Я использую h2o и R для задачи бинарной классификации. Мне было интересно, есть ли способ создать кривую обучения в h2o?
Я сам закодировал несколько разбиений и хорошо строю кривую, но я хотел бы знать, есть ли быстрый рецепт, предоставленный h2o? Известно, что H2O упрощает работу с данными.

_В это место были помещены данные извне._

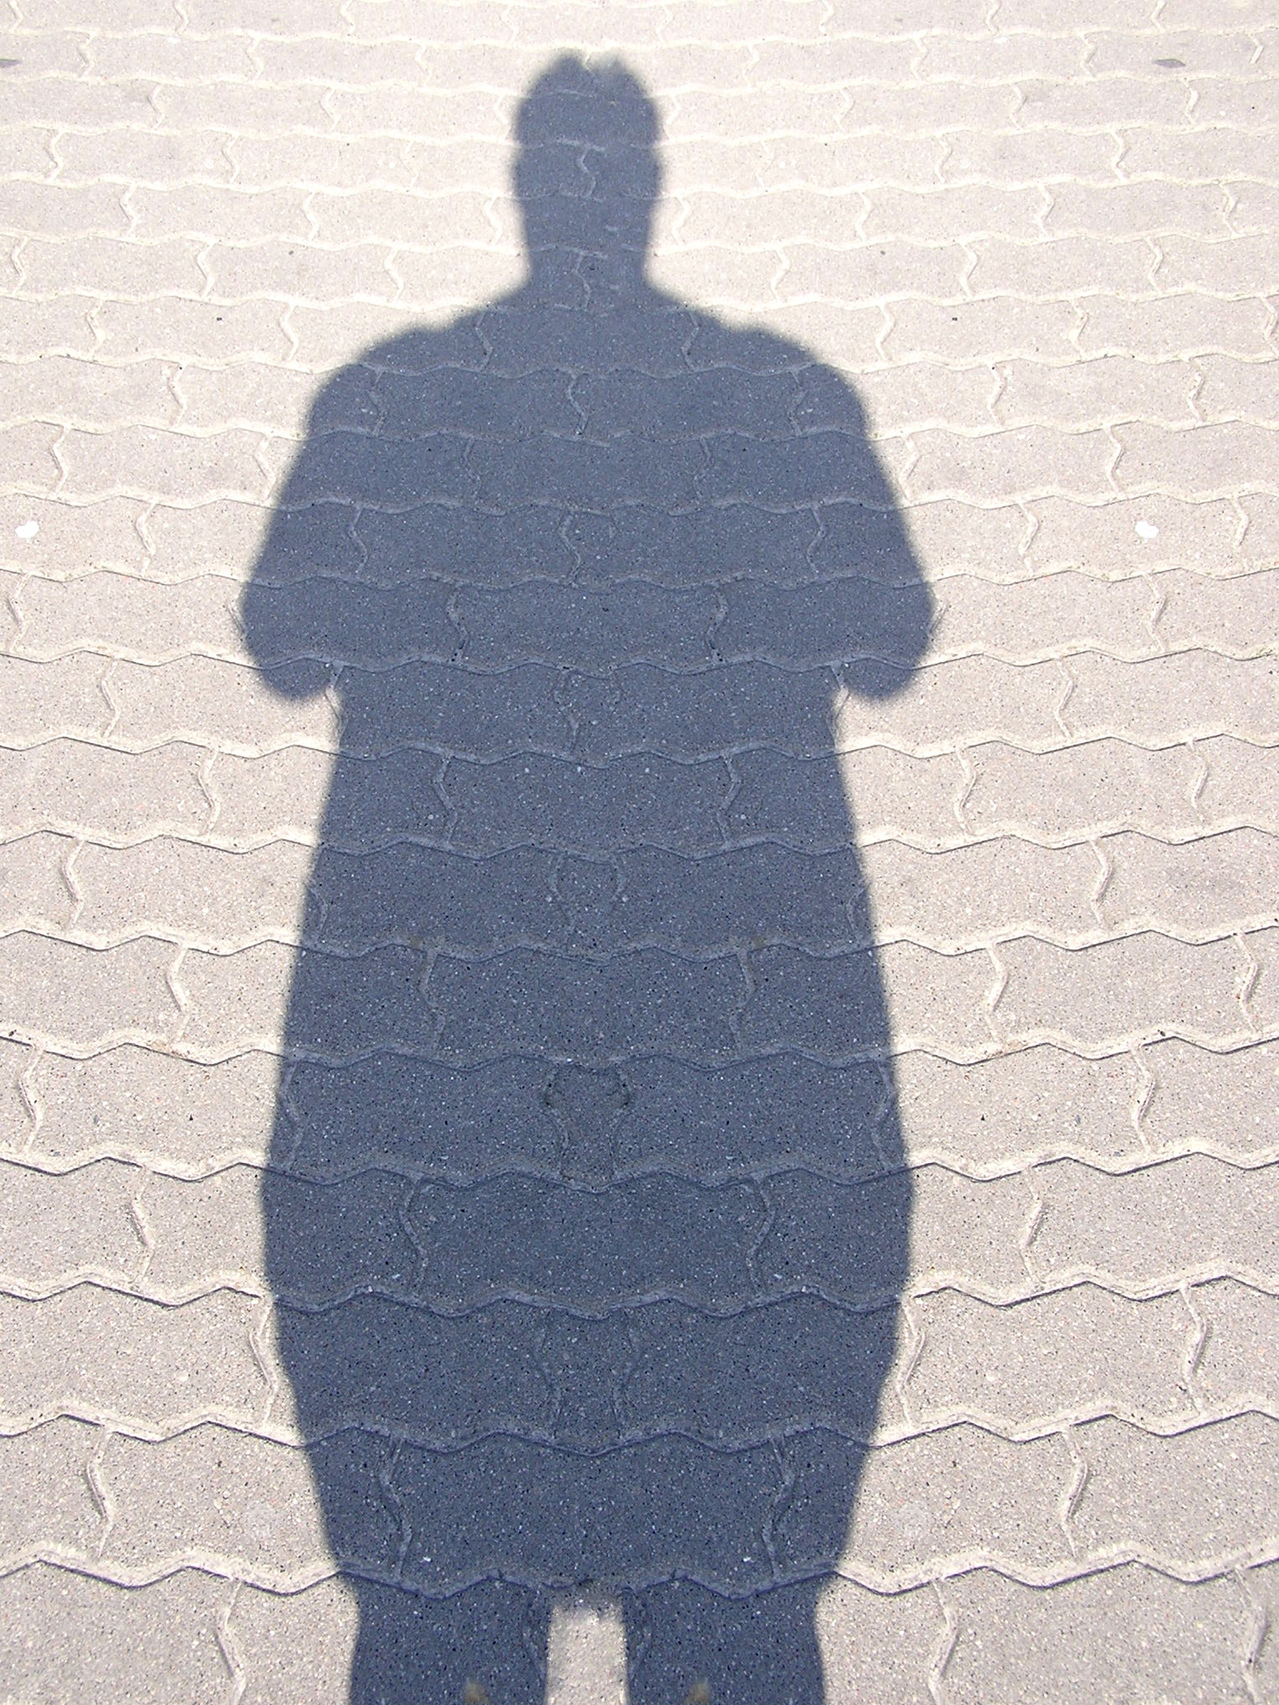 Fat shadow man 1168363 1279x1705
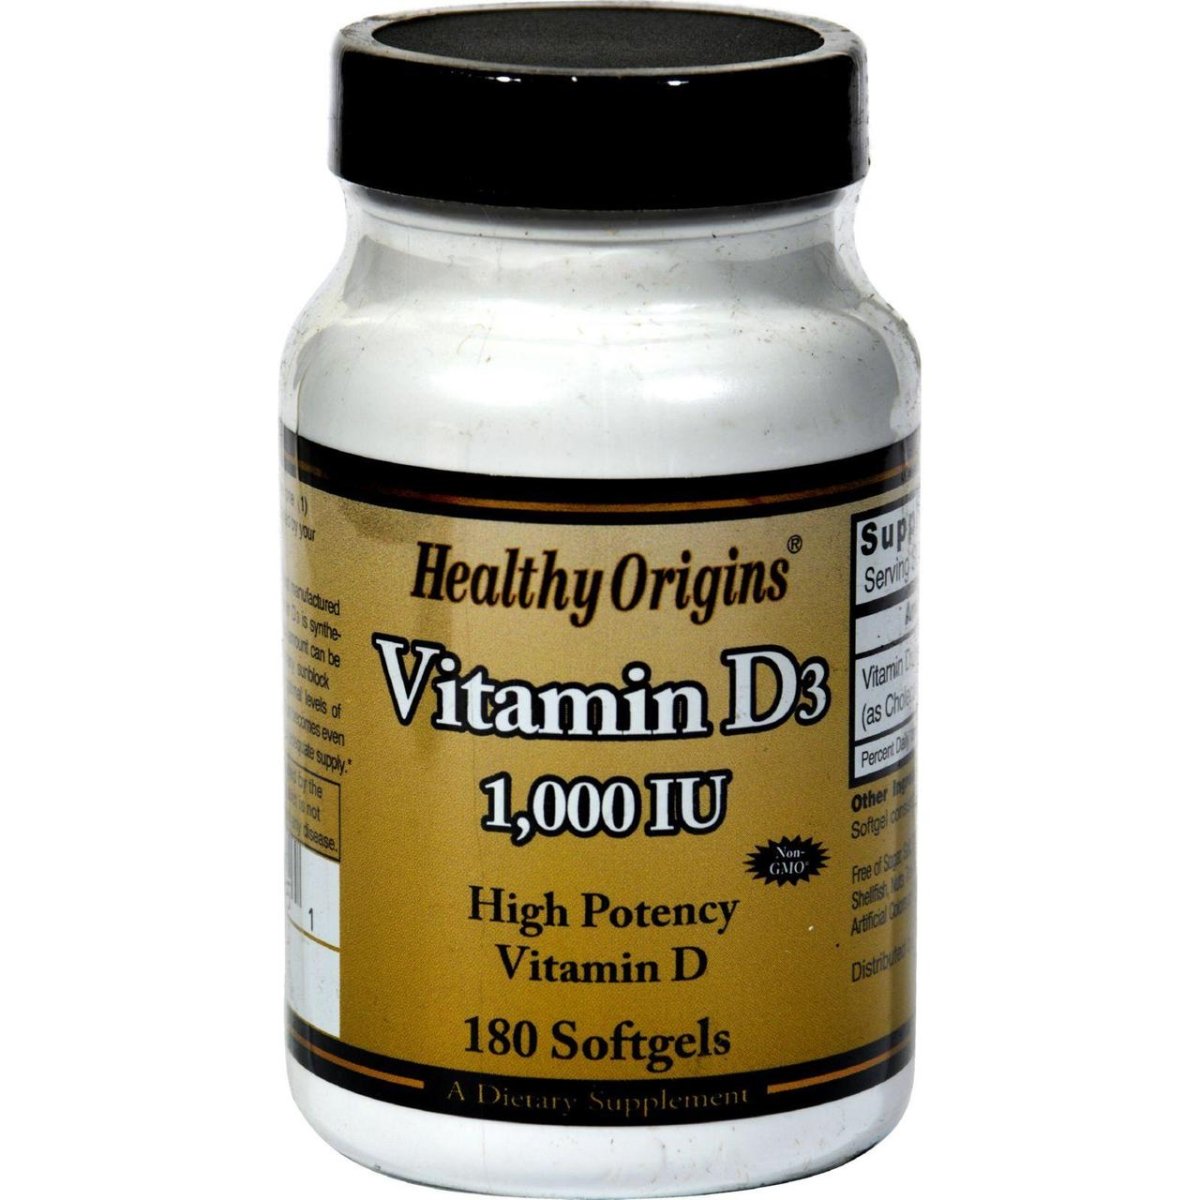 Hg1208198 Vitamin D3 - 1000 Iu, 180 Softgels

Вот что я делал, основываясь на ответе здесь пакет каретки и R
Я настроил цикл:
library(data.table)
library(dplyr)
library(h2o)
#
sizes <- seq(0.05, 1.0, 0.05)
#
learnCurve <- data.frame(mid = character(length(sizes)),
m = integer(length(sizes)),
n1 = integer(length(sizes)),
n0 = integer(length(sizes)),
trainRMSE = double(length(sizes)),
cvRMSE = double(length(sizes)),
trainAUC = double(length(sizes)),
cvAUC = double(length(sizes)),
trainTPR = double(length(sizes)),
cvTPR = double(length(sizes)),
trainFPR = double(length(sizes)),
cvFPR = double(length(sizes))
)
#
h2o.init()
for (i in 1:length(sizes)) {
set.seed(3)
ind <- sample(nrow(ddf1s), sizes[i]*nrow(ddf1s))
tr <- ddf1s[ind, ]
dd <- ddf1 %>% filter(id %in% tr$id)
#
setDT(dd)
#
dmh2o <- dd[, c(response, predictors), with = FALSE]
setDT(dmh2o)
setnames(dmh2o, predictors, newNames)
#
ddhex <- as.h2o(dmh2o)
#
splitsx <- h2o.splitFrame(data= ddhex, ratios = .7, seed = 1234)
trainx <- splitsx[[1]]
validx <- splitsx[[2]]
#
gbmTreex <- h2o.gbm(x = newNames, y = response,
training_frame = trainx,
validation_frame = validx,
max_depth = 8,
seed = 1234)
#
learnCurve$mid[i] <- gbmTreex@model_id
learnCurve$m[i] <- nrow(dmh2o)
learnCurve$n0[i] <- nrow(filter(dmh2o, target == 0))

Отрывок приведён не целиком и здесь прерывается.